Reporting Orchestrator
Enterprise
Image | $DATAOPS_REPORTING_RUNNER_IMAGE |
---|
The Reporting orchestrator is designed with a few prebuilt queries to generate reports that detail what happens during a pipeline run. And to provide flexibility, you can also use custom queries to generate such reports according to your needs and attach them to the pipeline.
Typical use cases are to:
- report on pipeline execution
- summarize pipeline metadata
- aggregate query performance metrics
- generate audit reports
The orchestrator provides two capabilities building on each other:
- A run phase to generate the report data as CSV or JSON by executing Snowflake queries or shell scripts
- A render phase to provide the report data as a static web application accessible from the pipeline reports tab
These two phases run sequentially as part of the same job.
A single DataOps pipeline can generate multiple reports, but you must configure one Reporting orchestrator job for each report in the pipeline.
Usage
The orchestrator runs a SQL query or a shell script that generates an output and renders it as a report in the form of a static web application.
The following diagram shows the workflow in more detail using the csv_html web application:
- In the preprocessing phase, template rendering is applied to the run phase queries and the render phase web application HTML, e.g. to inject pipeline or job variables.

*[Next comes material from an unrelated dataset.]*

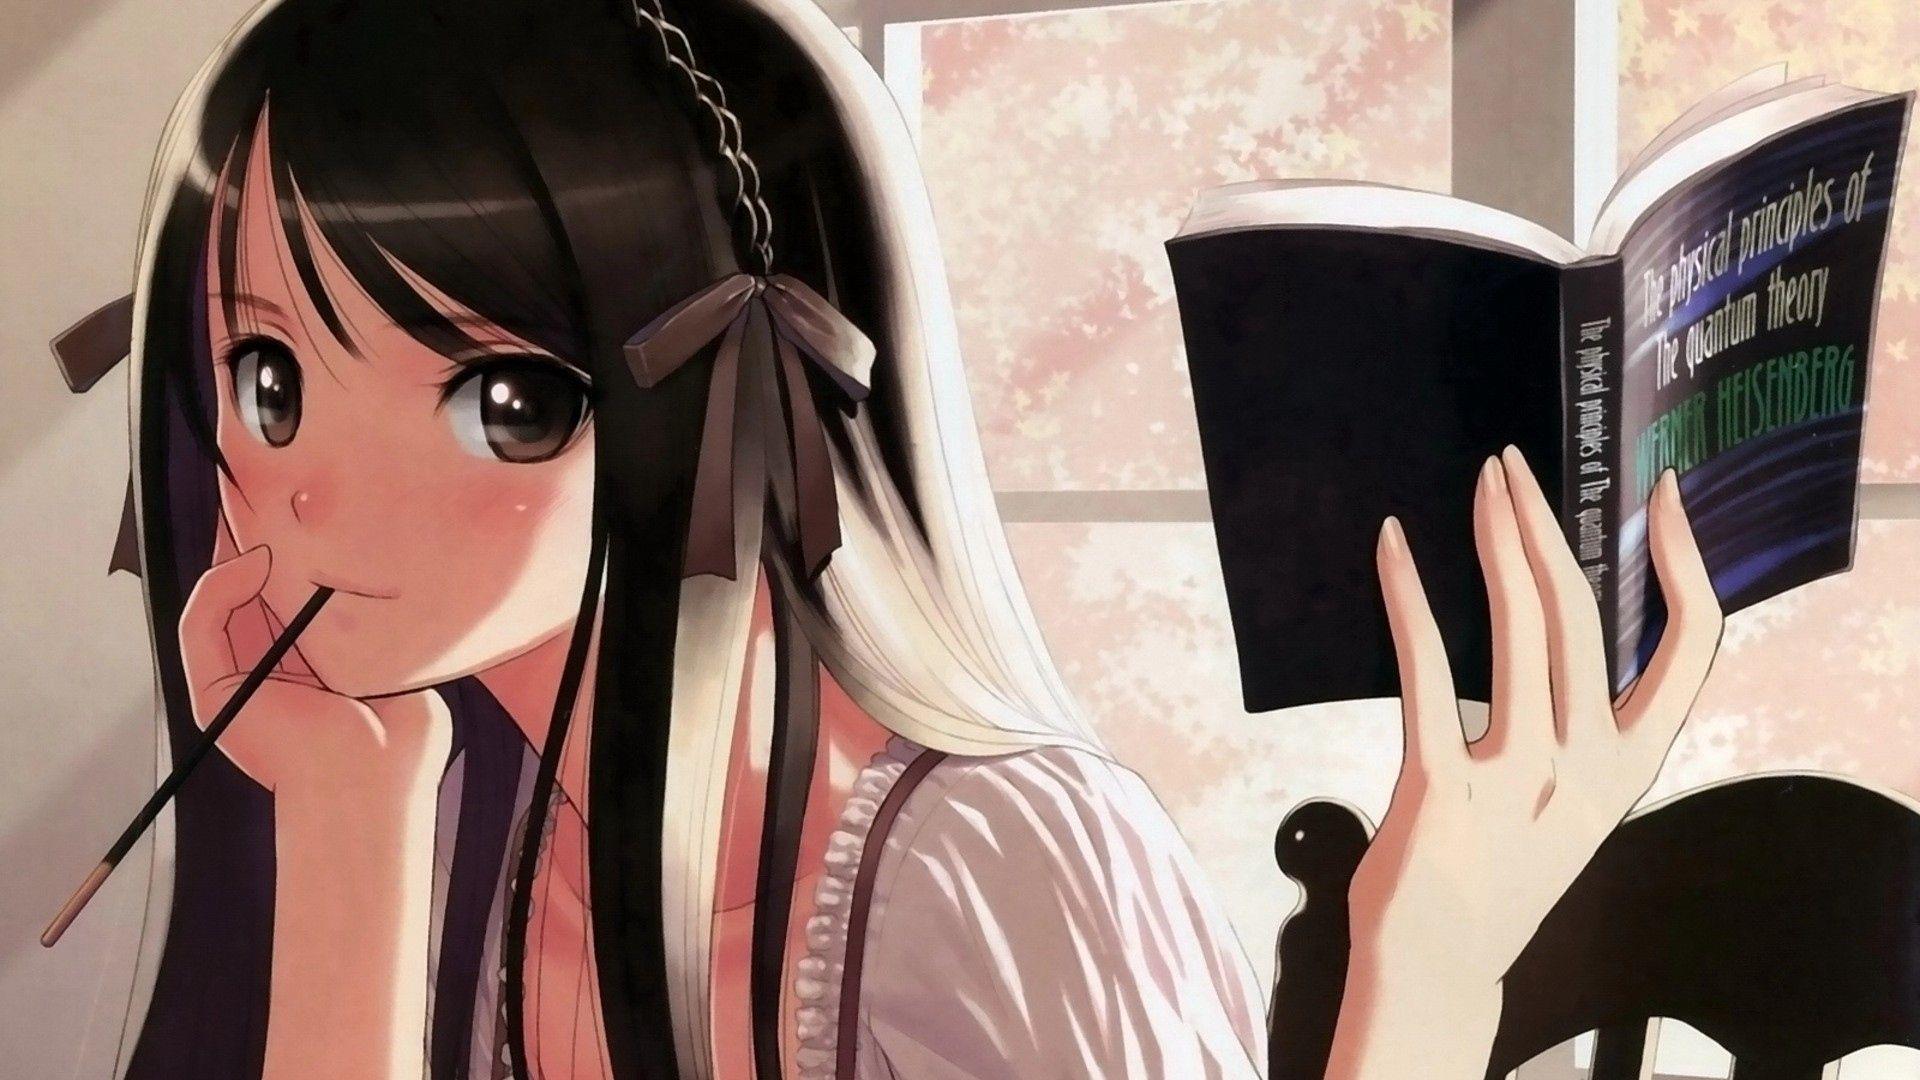 Download Wallpaper Anime Cute Manga Con Imagenes Fondo De

- In the run phase, the specified SQL query is executed generating the report data as CSV and storing it as file
${CI_JOB_ID}_output.out
. - In the render phase, the output file is copied into the csv_html web application and is published as a pipeline report.

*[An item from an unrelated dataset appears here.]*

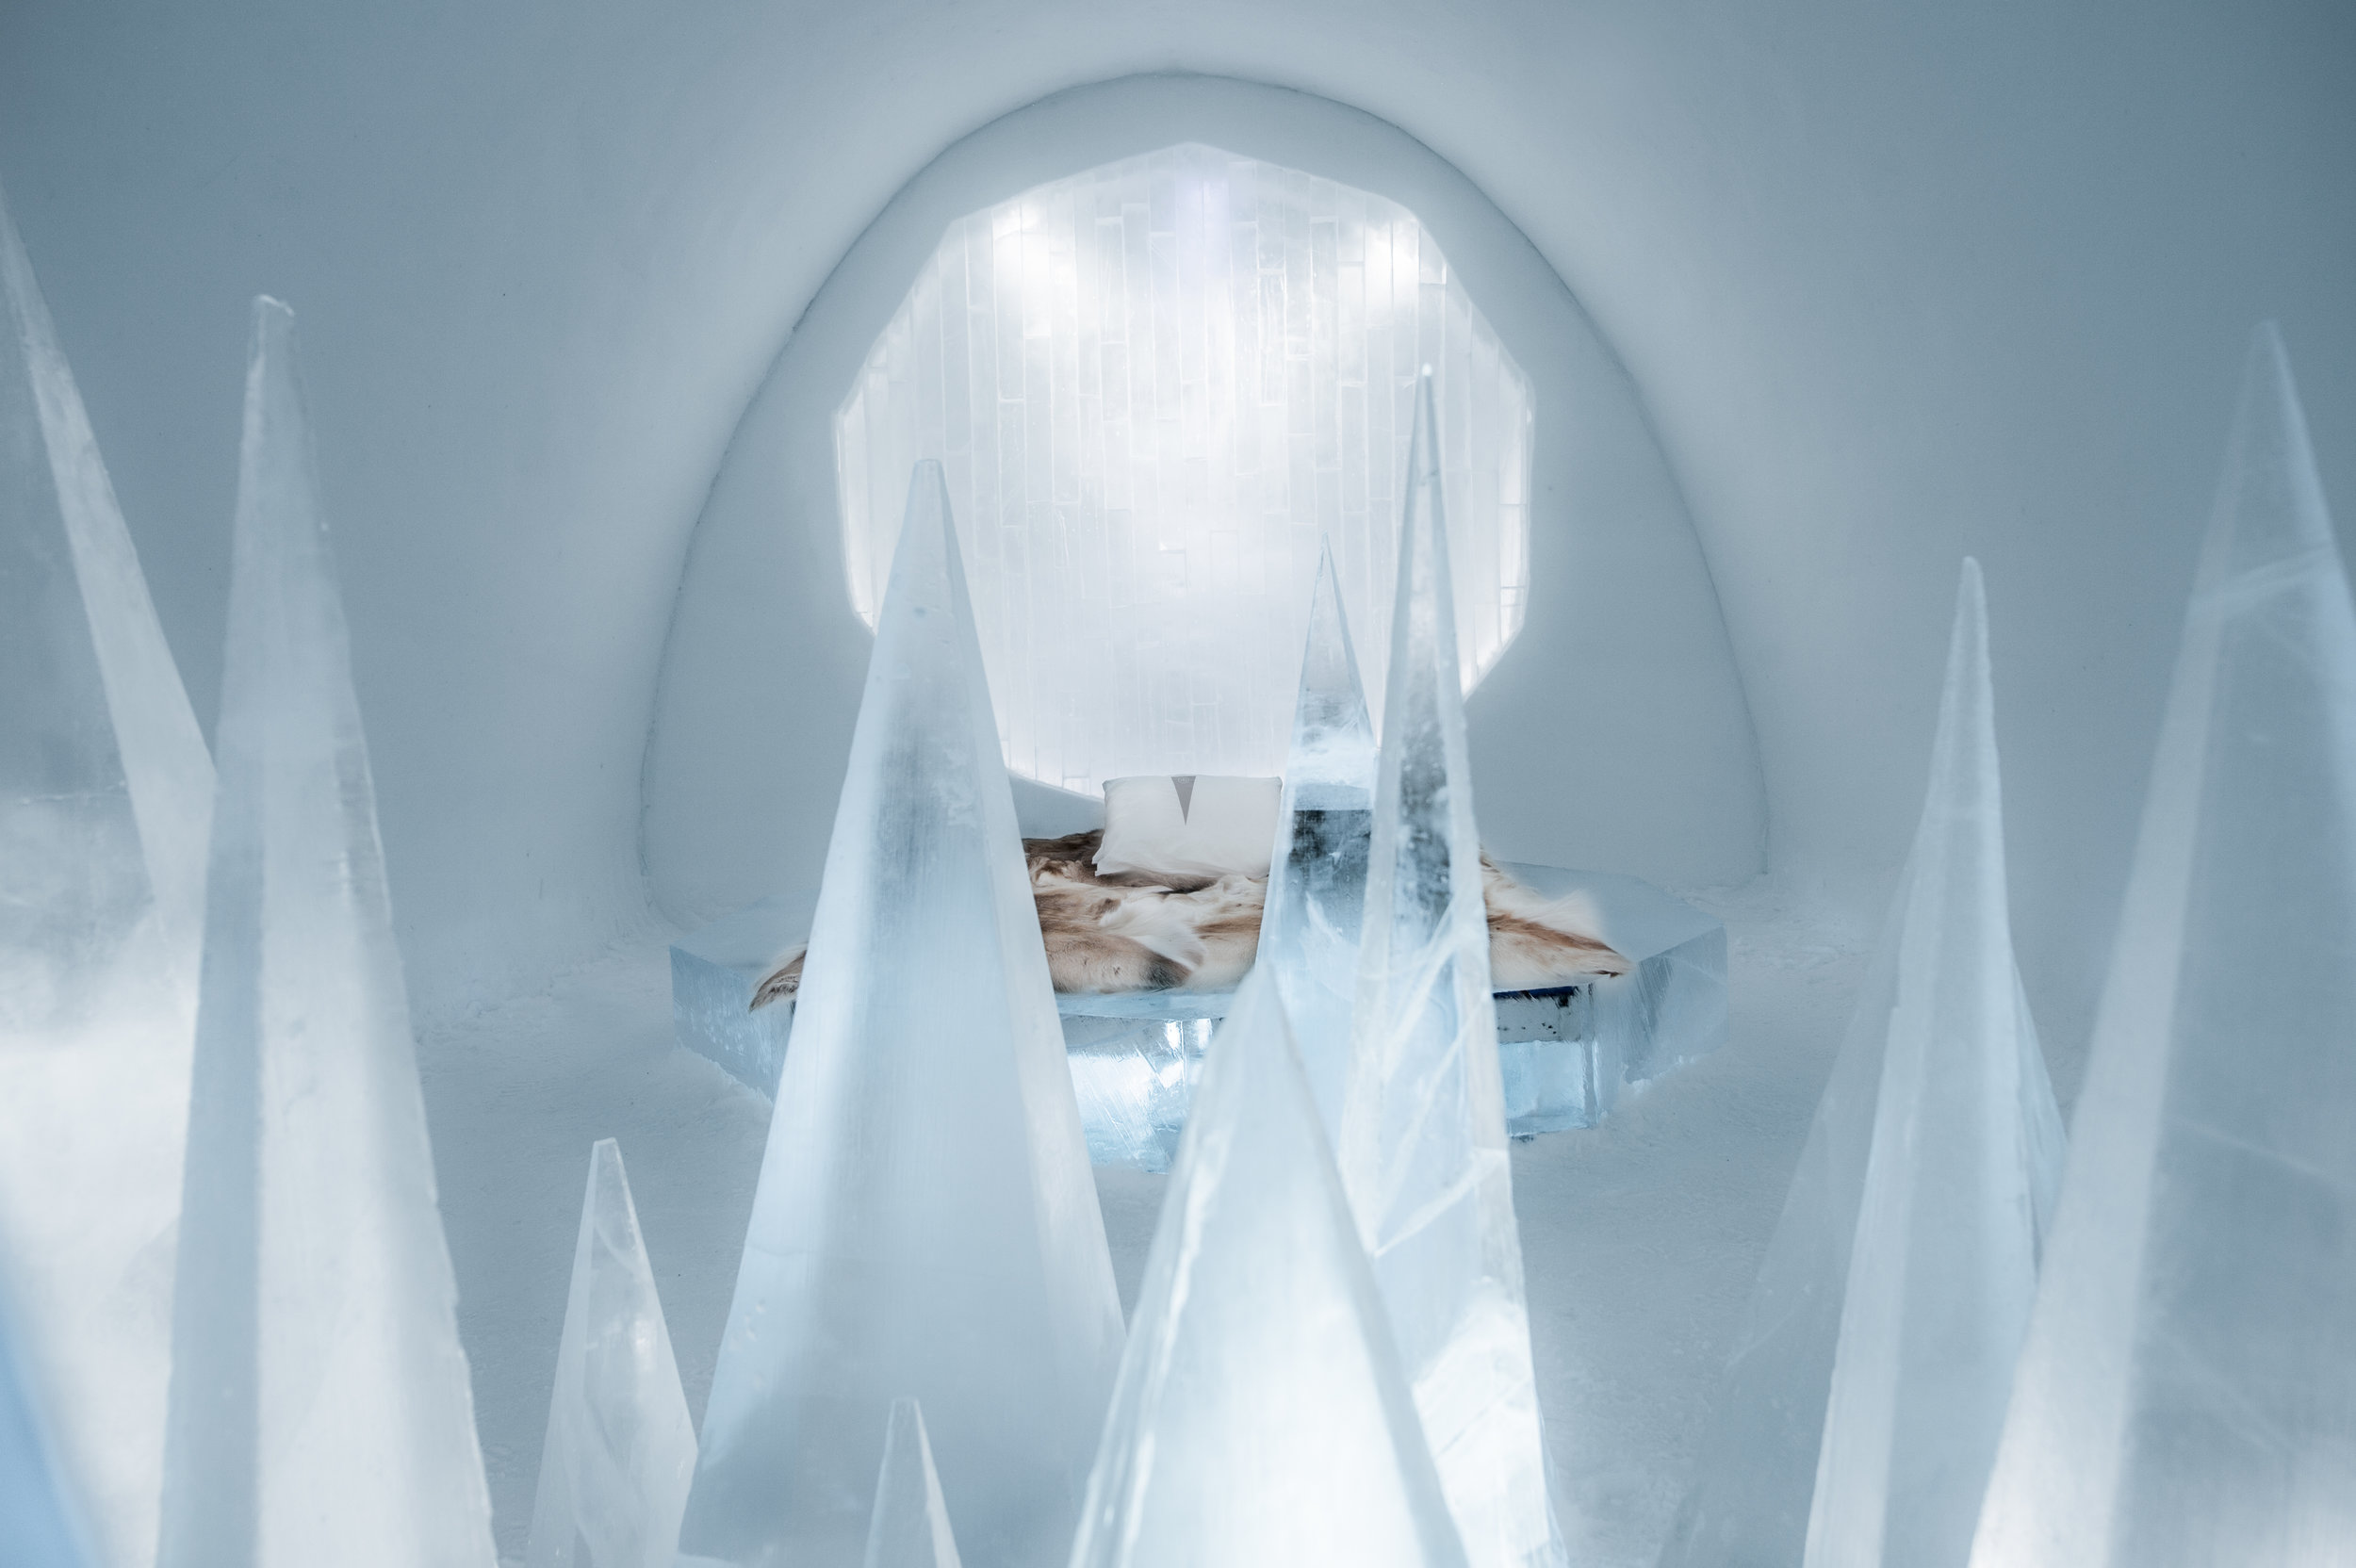 Art suite -White Desert-Timsam Harding & Fabián Jacquet Casado ICEHOTEL 28  Photo by - Asaf Kliger.jpg

Once the pipeline is completed, you can browse the report and export it as CSV if needed:
Here is what a typical reporting job looks like:
"My Reporting Job":
extends:
- .agent_tag
stage: "Generate Report"
image: $DATAOPS_REPORTING_RUNNER_IMAGE
variables:
DATAOPS_REPORTER_ACTION: START
## template rendering parameters
DATAOPS_TEMPLATES_DIR: "$CI_PROJECT_DIR/dataops/generic_reporter"
# web app templates
DATAOPS_SECONDARY_TEMPLATES_DIR: /render-utils/csv_html, /render-utils/role_explorer_html
## Run phase parameters
DATAOPS_REPORTER_RUN_SCRIPT: /snowflake-utils/execute_query
DATAOPS_REPORTER_SNOWFLAKE_RUN_QUERY: $CI_PROJECT_DIR/dataops/generic_reporter/get_row_count.sql
## Render phase parameters
DATAOPS_REPORTER_RENDER_SCRIPT: /render-utils/csv_to_html
## Credentials
DATAOPS_REPORTER_RUN_SNOWFLAKE_ACCOUNT: DATAOPS_VAULT(SNOWFLAKE.ACCOUNT)
DATAOPS_REPORTER_RUN_SNOWFLAKE_USERNAME: DATAOPS_VAULT(SNOWFLAKE.INGESTION.USERNAME)
DATAOPS_REPORTER_RUN_SNOWFLAKE_PASSWORD: DATAOPS_VAULT(SNOWFLAKE.INGESTION.PASSWORD)
DATAOPS_REPORTER_RUN_SNOWFLAKE_WAREHOUSE: DATAOPS_VAULT(SNOWFLAKE.INGESTION.WAREHOUSE)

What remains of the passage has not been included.